=== Section Start ===

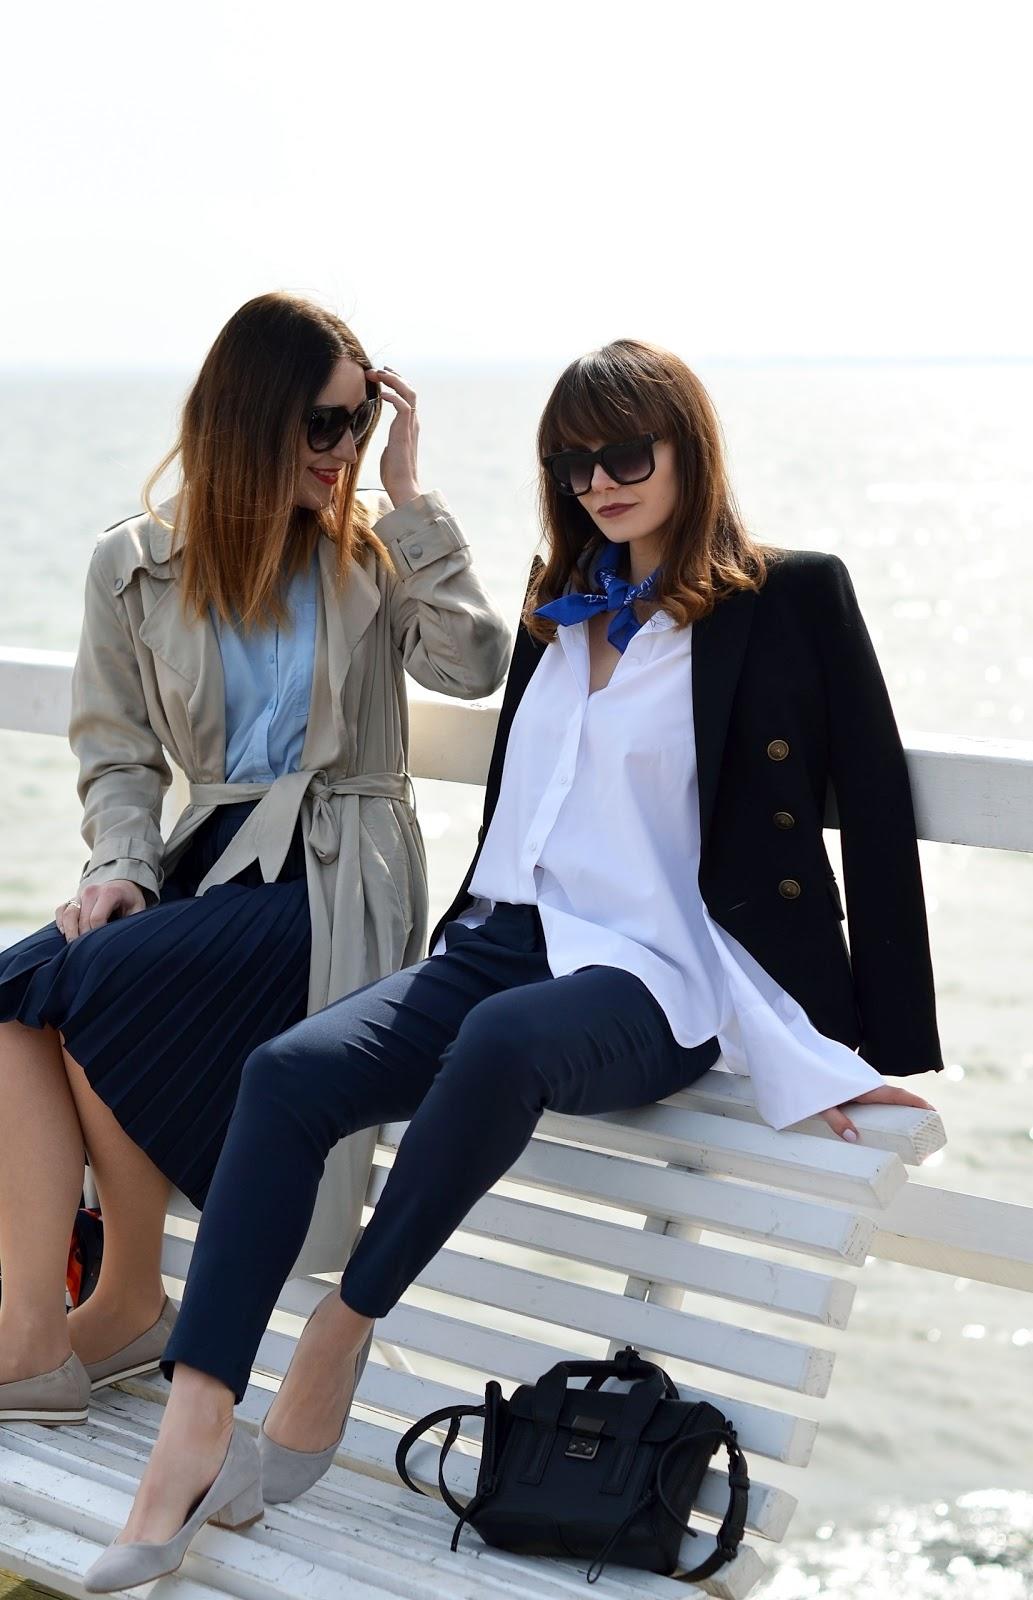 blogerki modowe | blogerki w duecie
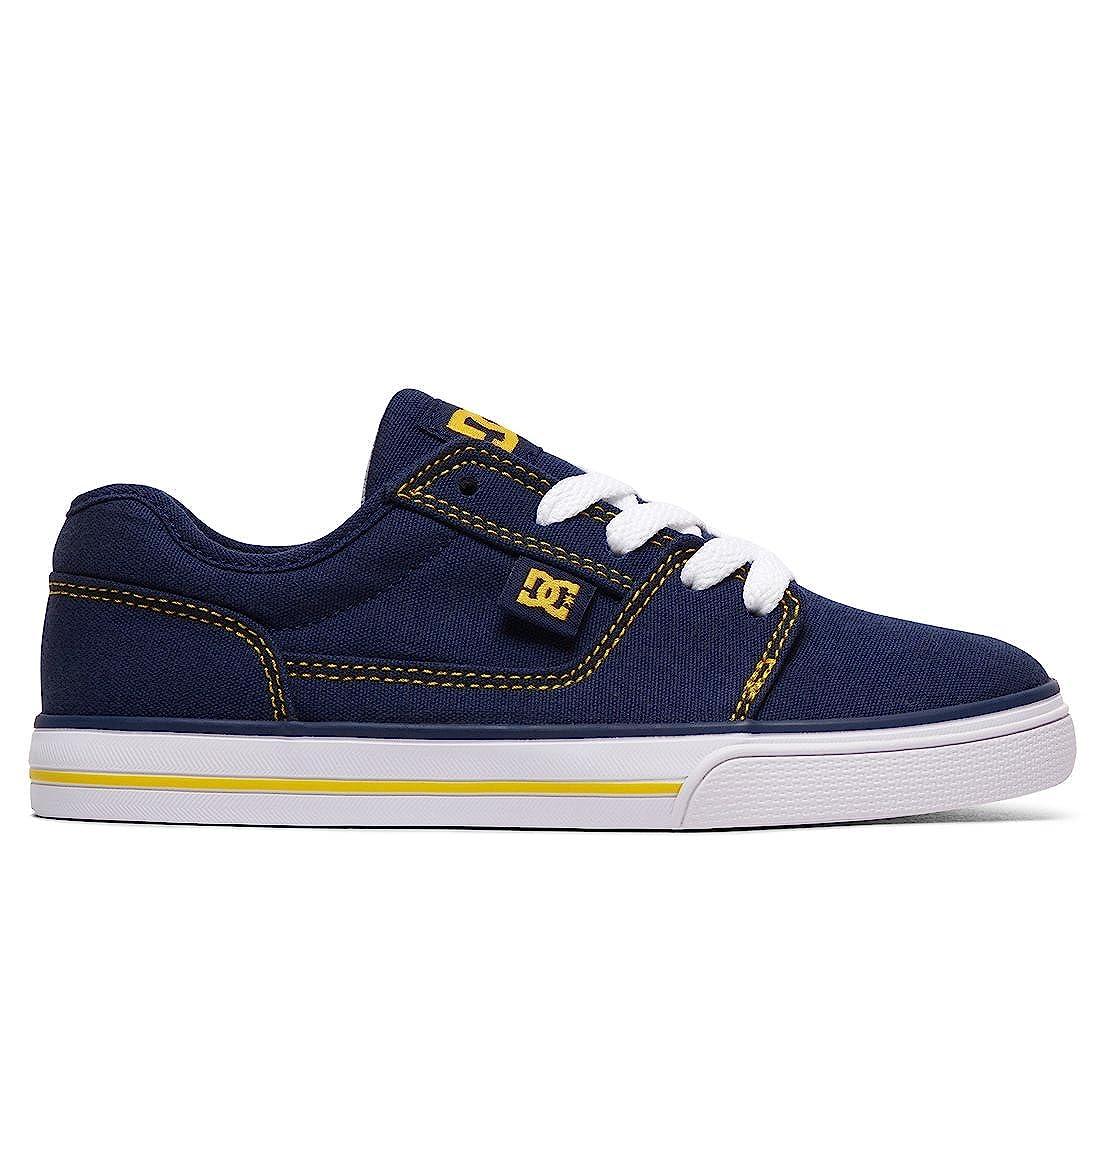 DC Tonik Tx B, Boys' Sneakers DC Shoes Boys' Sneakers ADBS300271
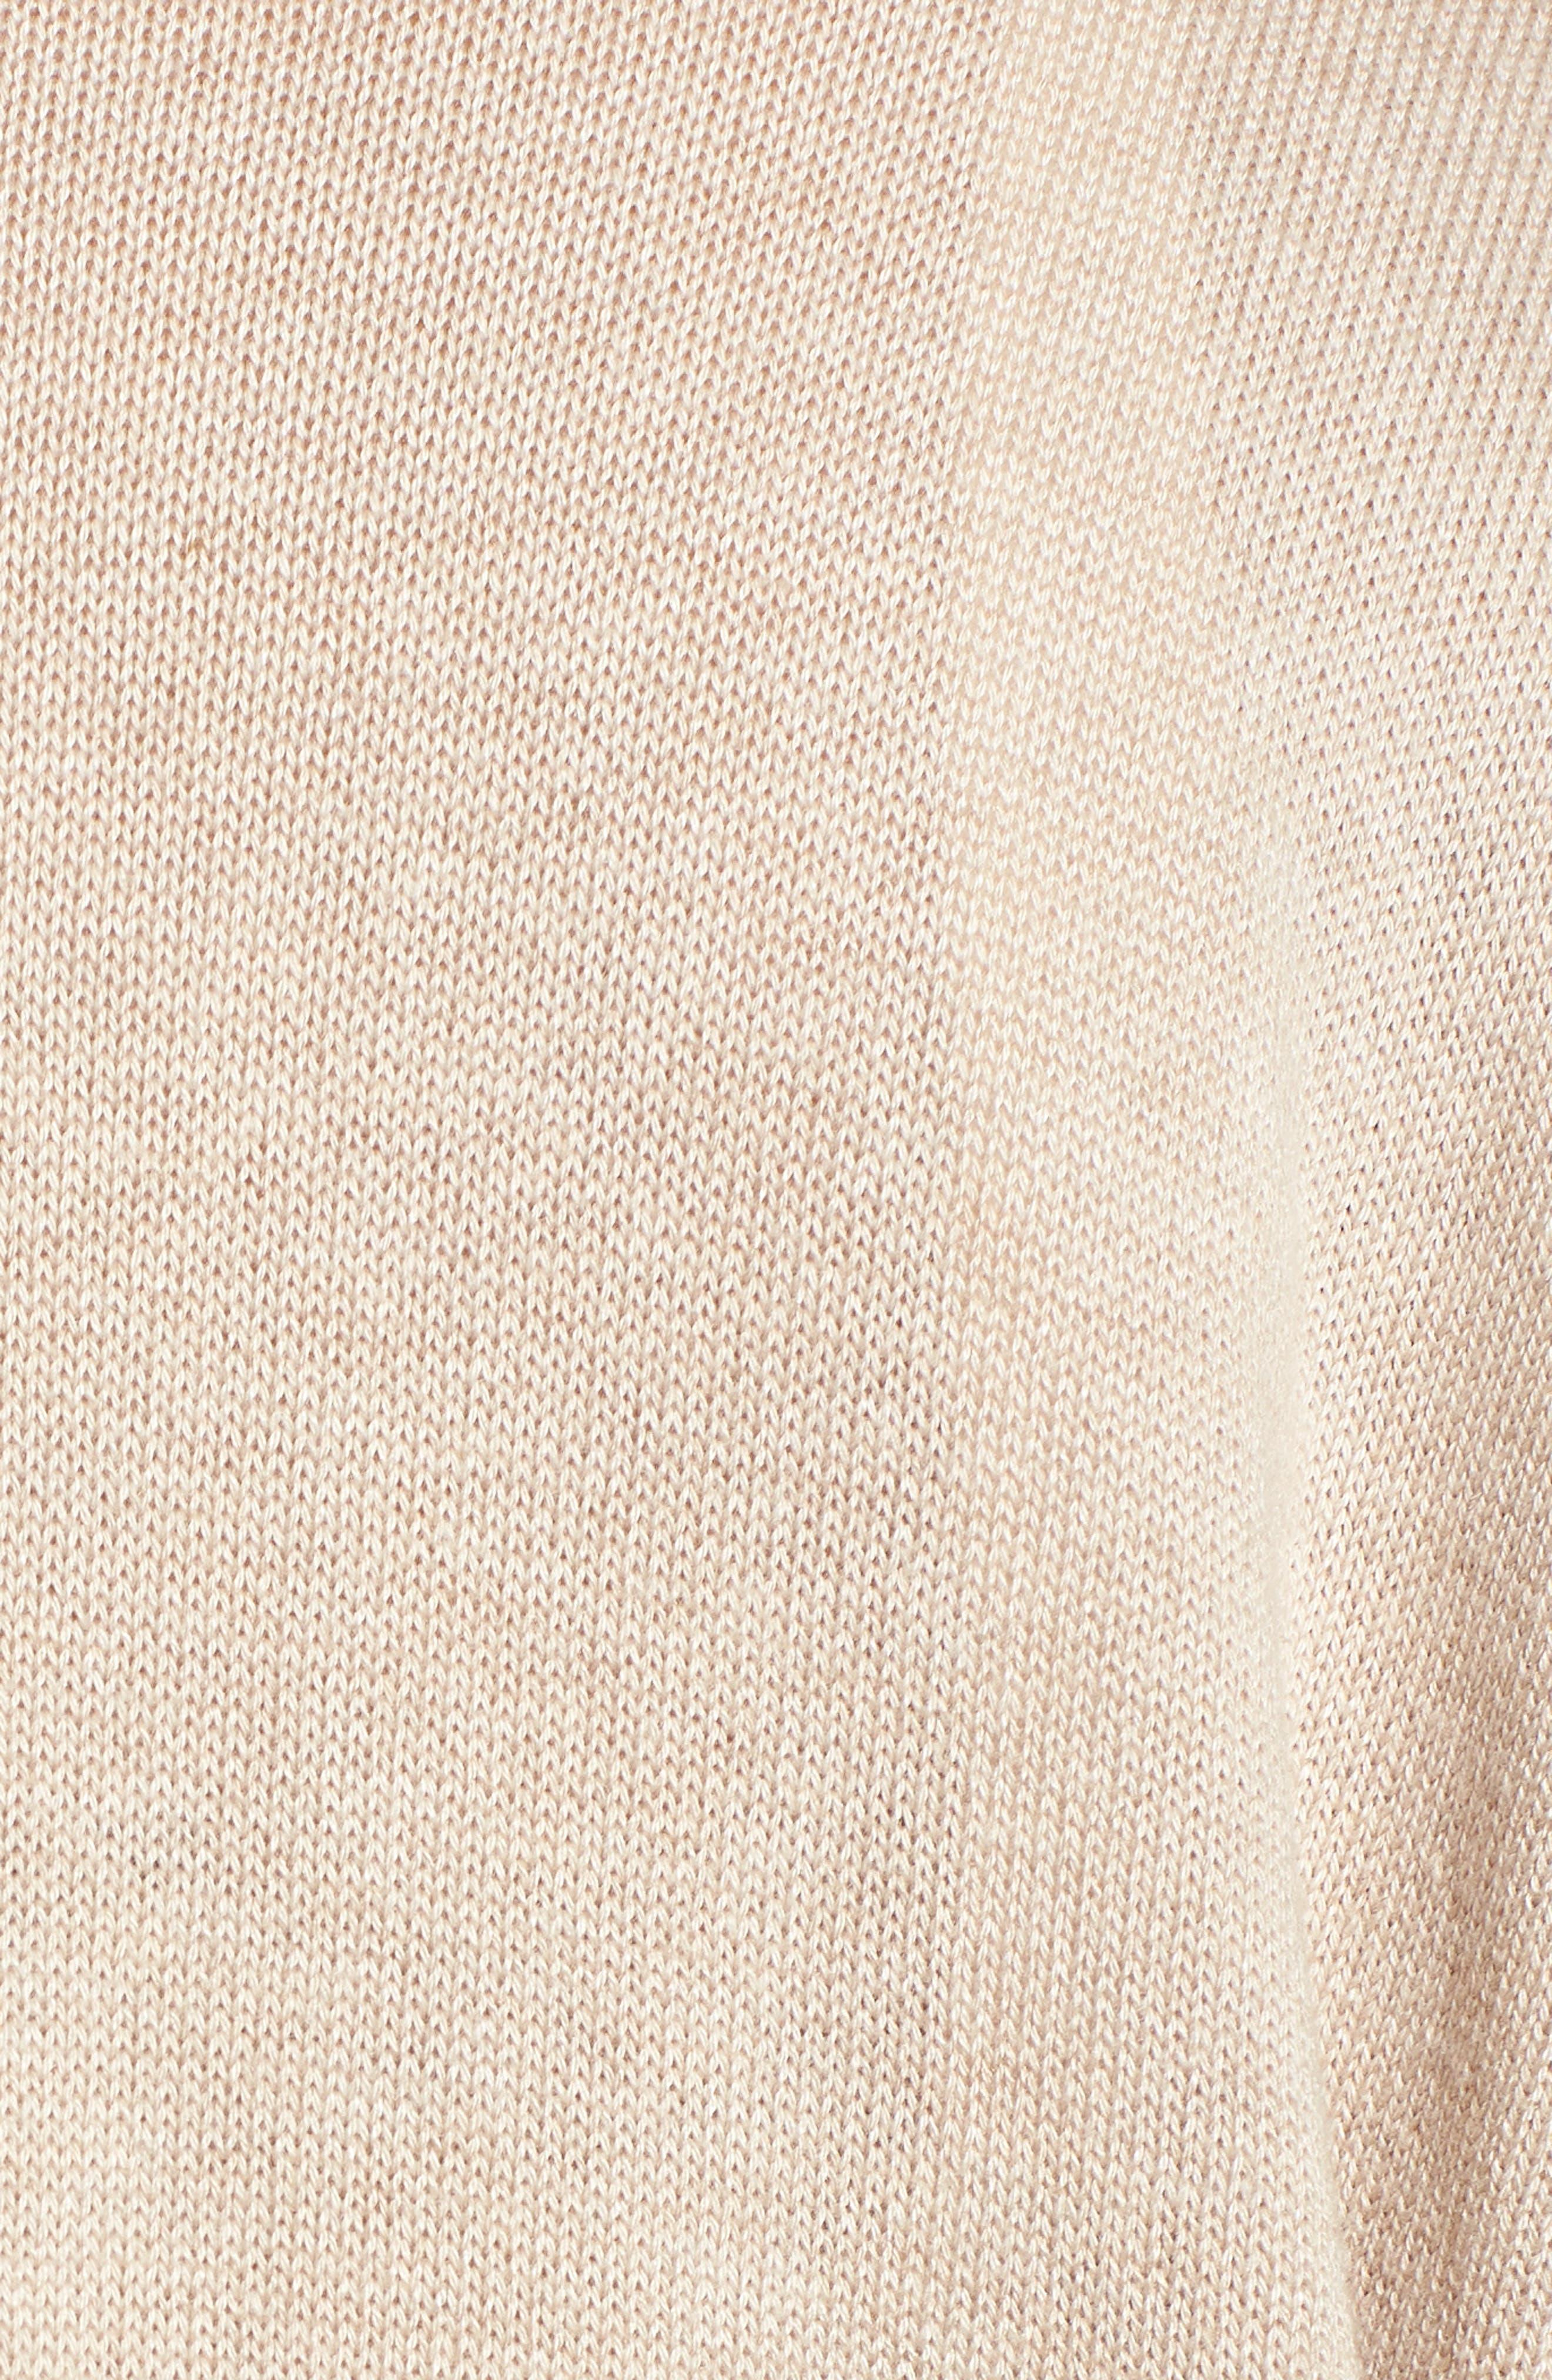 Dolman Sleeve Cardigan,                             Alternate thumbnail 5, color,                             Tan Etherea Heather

=== Section End ===

# INSTRUCTIONS FOR THE TASK
A word-for-word copy of all the data, without pictures, is the expected output.

# SOLUTION
 blogerki modowe | blogerki w duecie
 DC Tonik Tx B, Boys' Sneakers DC Shoes Boys' Sneakers ADBS300271
 Dolman Sleeve Cardigan,                             Alternate thumbnail 5, color,                             Tan Etherea Heather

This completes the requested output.